The XX Factor: What women really think.



  • Heteroflexible


    Ann, your reading of Bergner's article seemed spot on for me, particularly the part about women not wanting to find clear-cut answers in order to keep the door open for sexual possibility. The part of "What Do Women Want?" that stood out to me most was the discussion of sexologist Lisa Diamond's research:

    Diamond doesn’t claim that women are without innate sexual orientations. But she sees significance in the fact that many of her subjects agreed with the statement “I’m the kind of person who becomes physically attracted to the person rather than their gender.” For her participants, for the well-known women she lists at the start of her book [Ann Heche, Julie Cypher] and for women on average, she stresses that desire often emerges so compellingly from emotional closeness that innate orientations can be overridden.

    While I believed they were being honest, I never understood my bisexual female friends who would say similar things to Diamond's statement -- that they were attracted to the person, not the gender (or maybe, as Meghan mentioned, they were attracted to the person's desire, not their gender). Anyone who's attended a liberal arts college in the past 20 odd years knows at least one women who earns the not-so-kind epithet "LUG," or lesbian until graduation, and those women are not taken especially seriously.

    Research like Diamond and Chivers' is valuable, not just for getting women to understand themselves, but to potentially foster more understanding of non-normative orientations. To answer your question Meghan, no, like Nina, I don't believe that women are divided between the divergent systems of sexuality,  the physiological and the subjective. It seems from the research being done, we're fairly far from coming up with any definitive commentary about women's sexuality.
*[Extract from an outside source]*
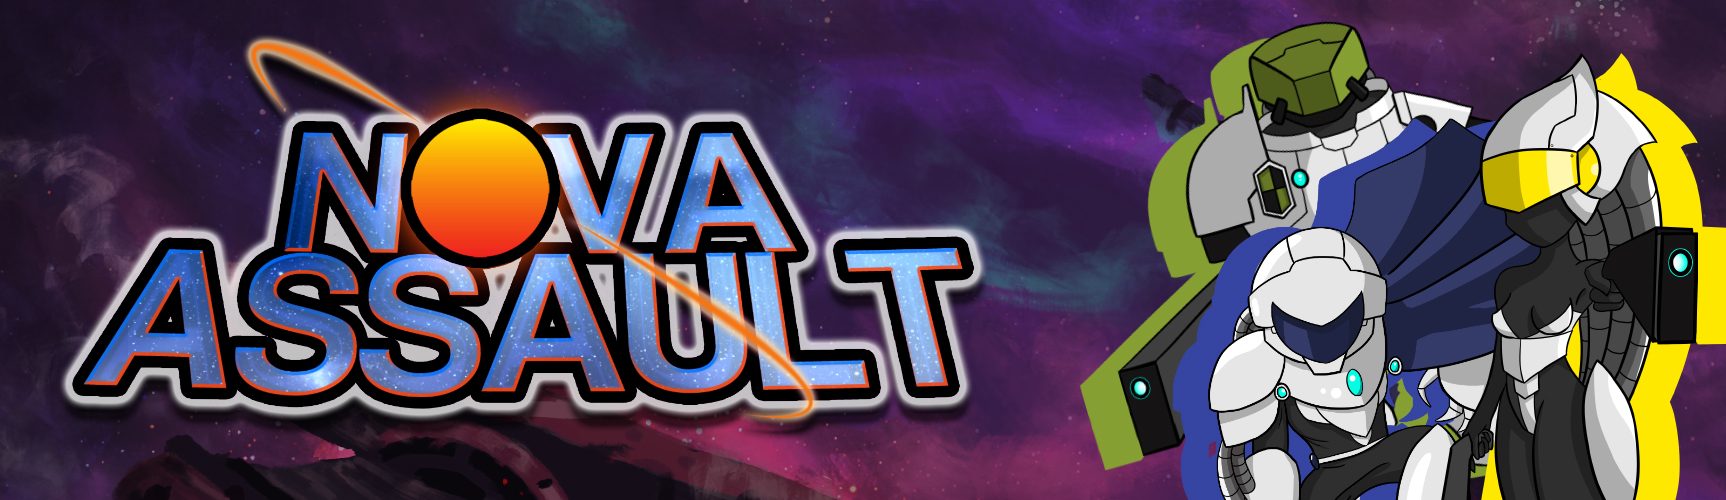 Nova Assault

I think we're probably not even asking the right questions yet.

  • Women's Problems


    Meghan, thanks for starting a discussion about this Sunday's twisty and complicated NYT Magazine story on female desire. One quick response: You wrote about Meredith Chivers' experiment in which participants were shown a variety of sexual (and semi-sexual) images:

    Interestingly, though, the women recorded their sexual response differently than did the machines that measured it: they said they had been more turned on by the images of heterosexual sex—and less turned on by the images of bonobo sex—than they actually had been. Hmm. As I understand it, this discrepancy either means that women's minds and bodies are subconsciously at war, or that the women were conscious of their less "normative" desire but felt ashamed of it. In either case, it bears thinking about.
    I agree that the split between bodily reactions and psychological reactions Chivers found was fascinating. (Though I wonder how cleanly those divisions can actually be made.) But the way you describe that discrepancy makes it inherently a problem—either our minds and bodies are "at war" or we're "ashamed" of getting turned on by horny bonobos. Is it possible that the women simply had complicated reactions that, in the immediate testing situation, they weren't fully prepared to untangle or report accurately? Not that I like perpetuating the idea that women are this deep, dark forest of mystic mysteries, while men, in turn, are straightforward and easy to comprehend. (Ann, I'm a fan of your Freudian reading of the article.) But I'm not sure Chivers' data necessarily paints a picture of a womanly torment.